The exodus of 11 senior executives from Facebook spells trouble, warns a Wall Street Brokerage firm that downgraded the stock of the social-media giant.
Facebook’s chief product officer and the founders of Instagram are among the recent departures, noted Needham, which downgraded the stock on Monday to a hold rating and warned clients of further resignations, CNBC reported
Needham analyst Laura Martin wrote, according to CNBC, that Facebook’s pivot toward privacy and encrypted messaging, rising regulatory risk and the upload of disturbing content will accelerate the management exodus in what she called a “Negative Network Effect.”

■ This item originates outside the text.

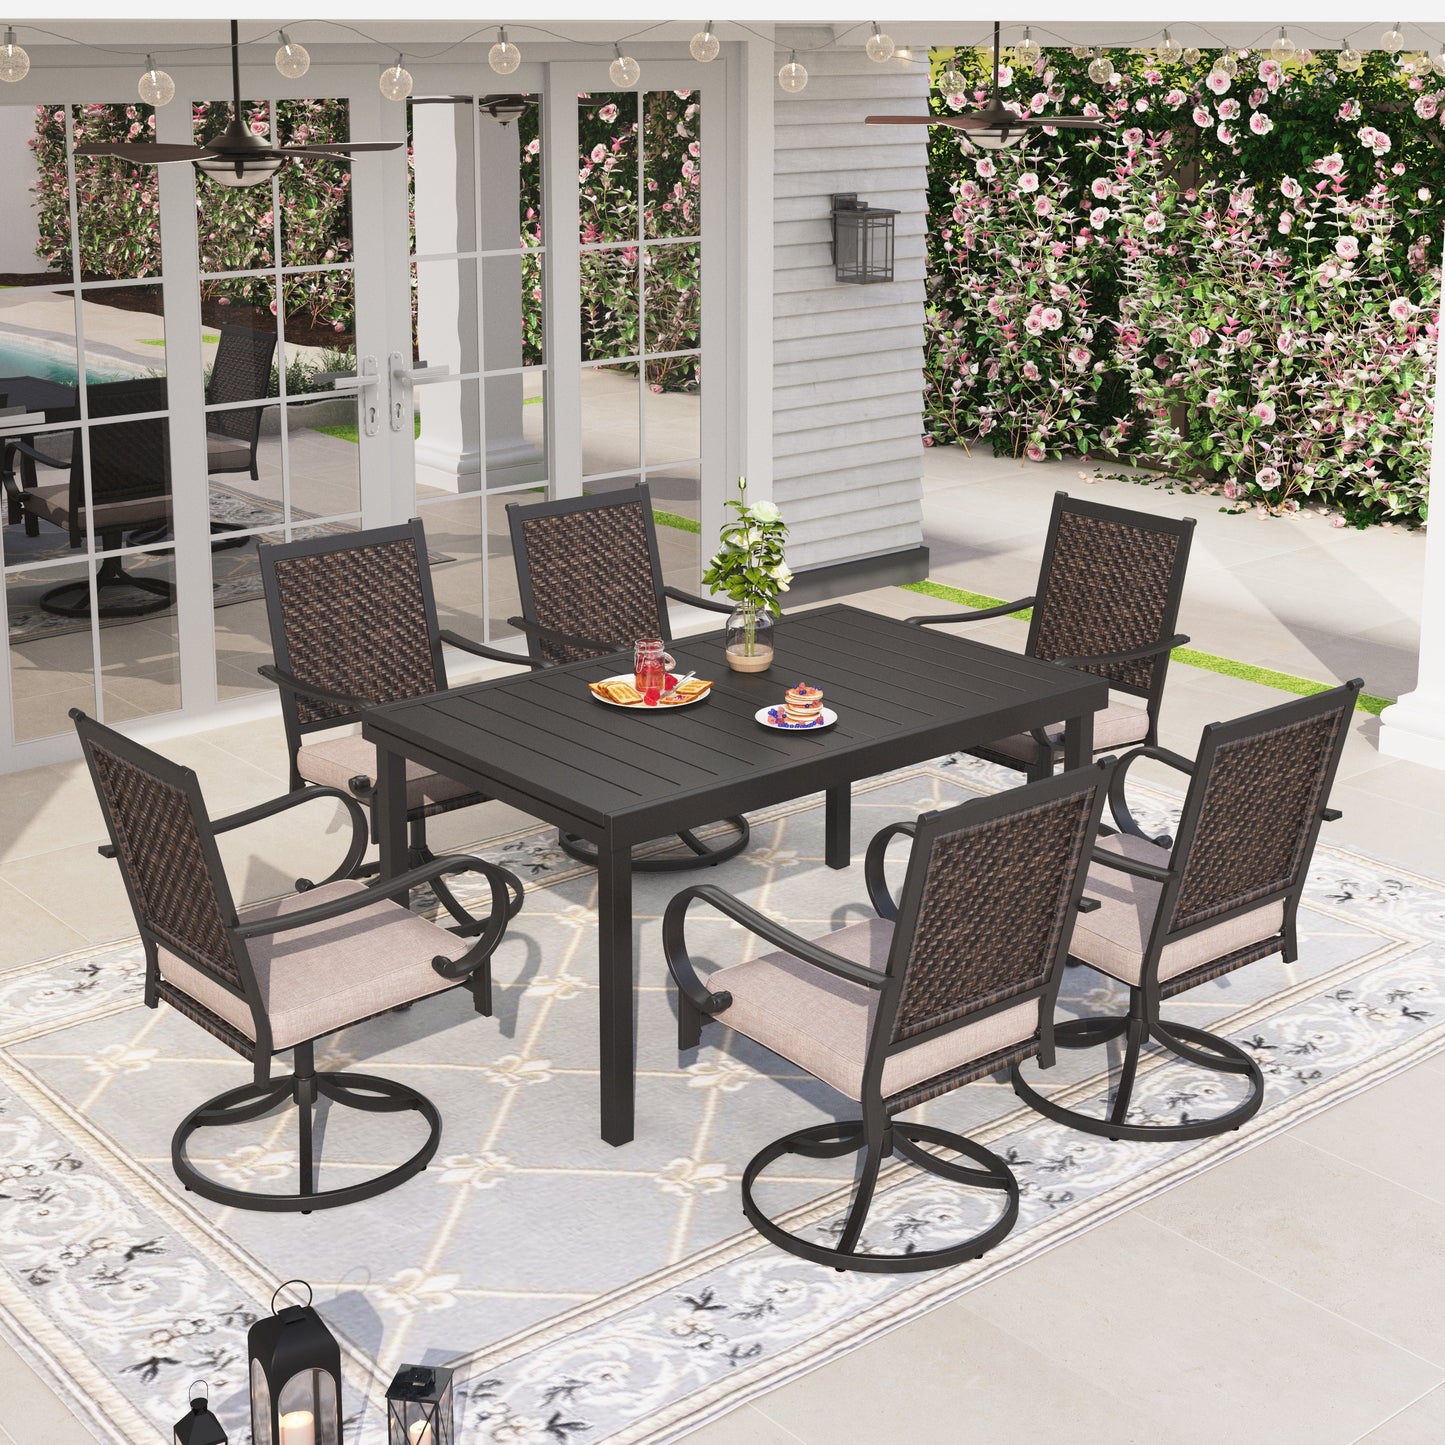 Sophia & William 7 Pieces Outdoor Patio Dining Set Wicker Swivel Chairs and Steel Table

Last week alone, Facebook was hit with criticism over the livestreaming of the New Zealand mosque attack on the platform combined with a 24-hour stretch of intermittent access, its longest outage ever.
Donald Trump Jr.: Public discourse at state
Meanwhile, in a guest column for The Hill, Donald Trump Jr. warned that Facebook, Twitter, YouTube and other big tech firms are threatening the right of conservatives to engage in public discourse.

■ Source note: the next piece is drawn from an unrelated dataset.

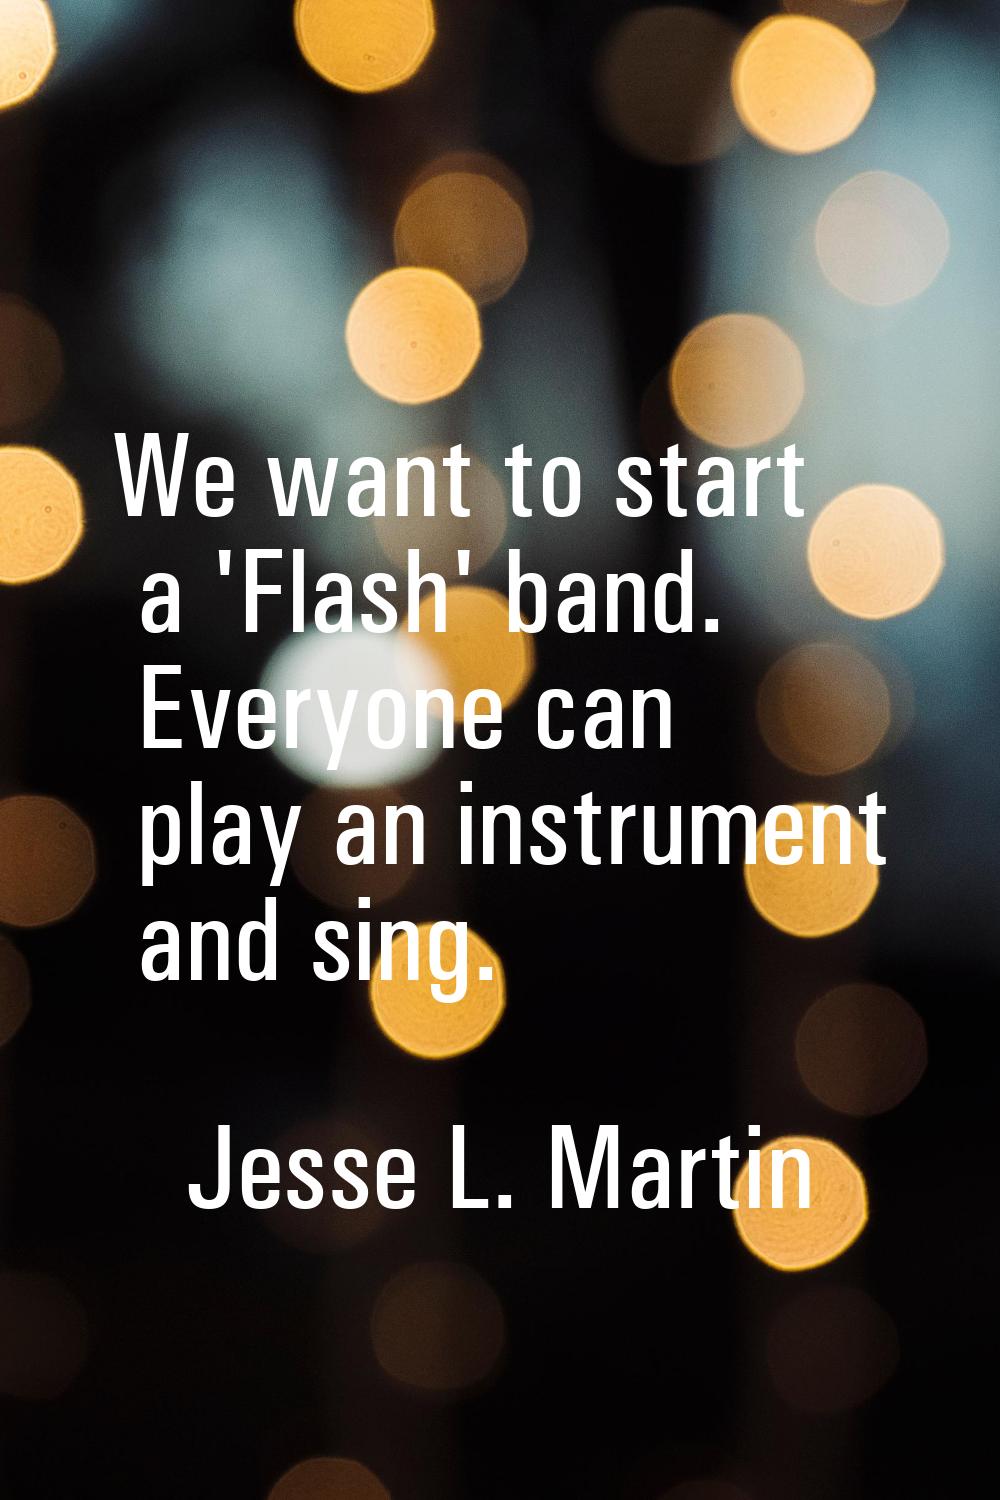 We want to start a 'Flash' band. Everyone can play an instrument and sing.

“From ‘shadowbans’ on Facebook and Twitter, to demonetization of YouTube videos, to pulled ads for Republican candidates at the critical junctures of election campaigns, the list of violations against the online practices and speech of conservatives is long,” he wrote.
He said his suspicions were confirmed when Instagram, which is owned by Facebook, “accidentally” censored a post he made regarding the Jussie Smollett hoax.
The incident, he said, prompted messages from hundreds of his followers citing recounting similar censorship.
Trump Jr. pointed out that James O’Keefe’s Project Veritas exposed Facebook’s development of algorithms to “deboost” certain content, limiting its distribution and appearance in news feeds.
Terms typically used by conservatives such as “Mainstream media,” “SJW” (Social Justice Warrior) and “red pill” were designated as red flags, according to a former Facebook insider.
The president’s eldest son concluded there is “no conservative principle that even remotely suggests we are obligated to adopt a laissez-faire attitude while the richest companies on earth abuse the power we give them to put a thumb on the scale for our political enemies.”
“If anything,” he wrote, “our love of the free market dictates that we must do whatever is necessary to ensure that the free marketplace of ideas remains open to all.”